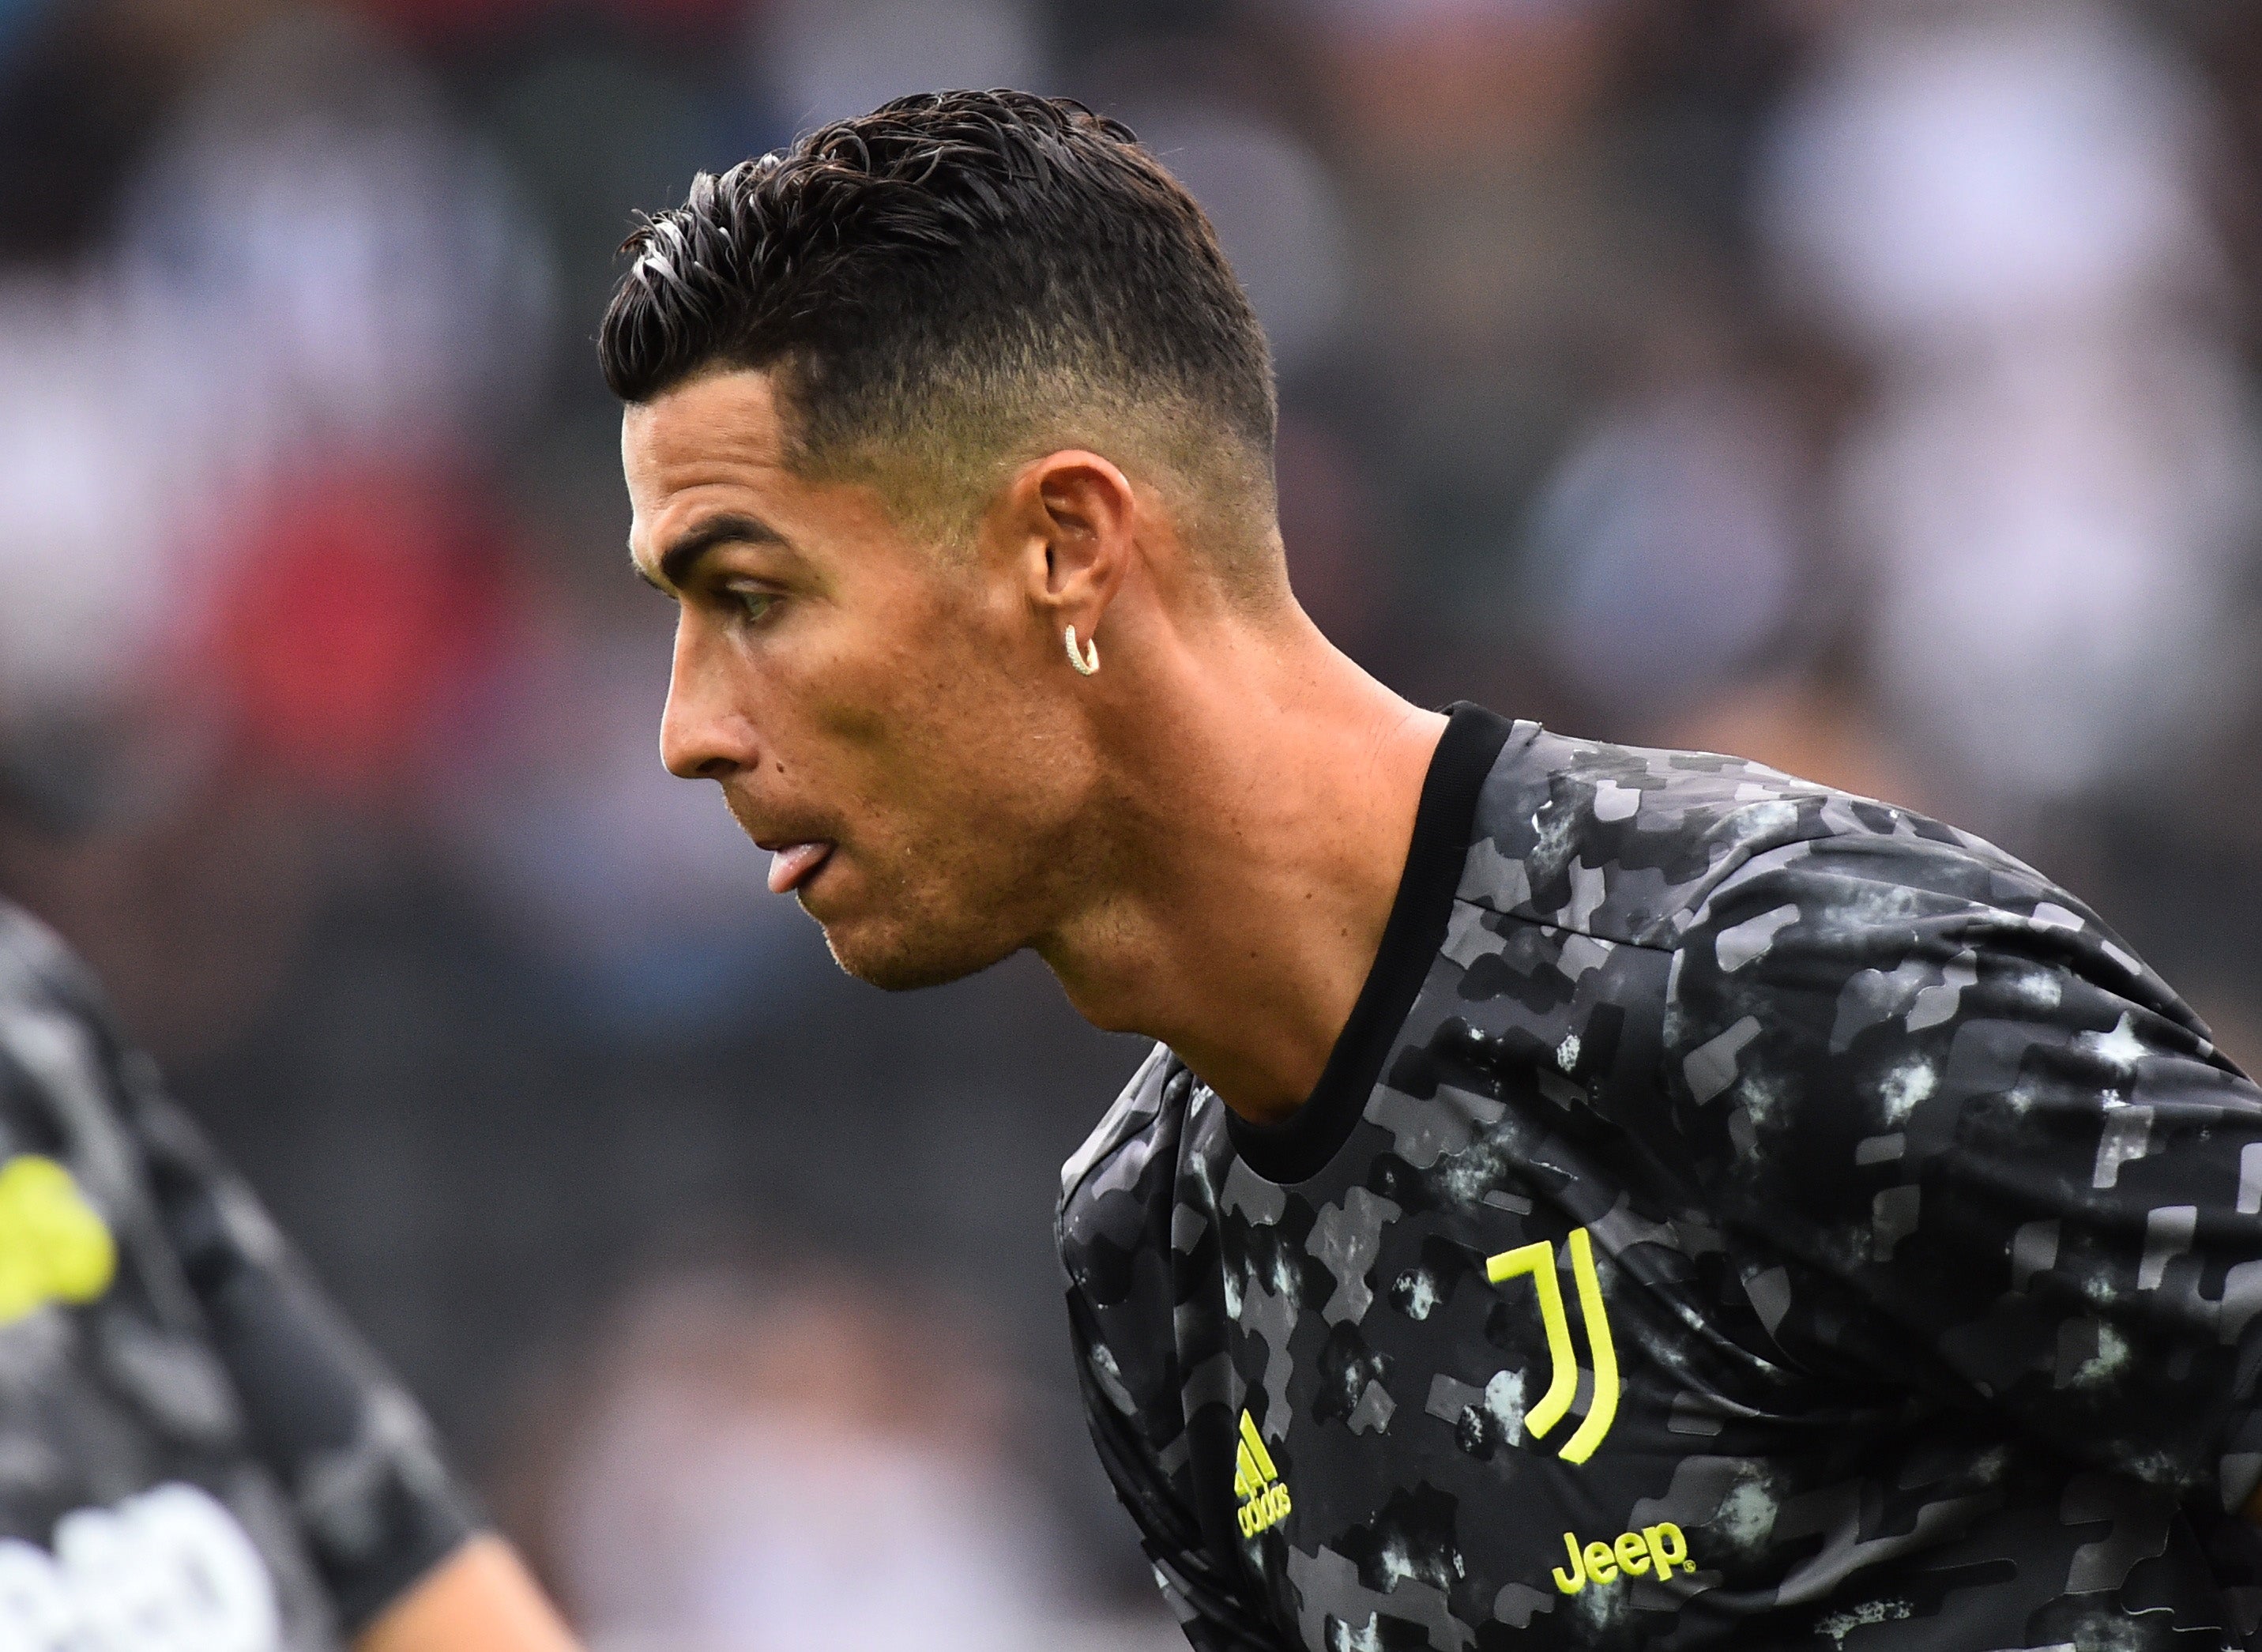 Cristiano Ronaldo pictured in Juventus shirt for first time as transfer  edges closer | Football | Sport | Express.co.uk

# # # # # # #

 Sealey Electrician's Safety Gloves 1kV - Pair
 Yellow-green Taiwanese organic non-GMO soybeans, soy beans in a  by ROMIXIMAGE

# # # # # # #

About this task: Retype the records above, but only those lines that fall between the line containing "Sealey Electrician's Safety" and the line containing "Yellow-green Taiwanese organic", with both of those lines included, exactly as written.

Solution to this exercise:
 Sealey Electrician's Safety Gloves 1kV - Pair
 Yellow-green Taiwanese organic non-GMO soybeans, soy beans in a  by ROMIXIMAGE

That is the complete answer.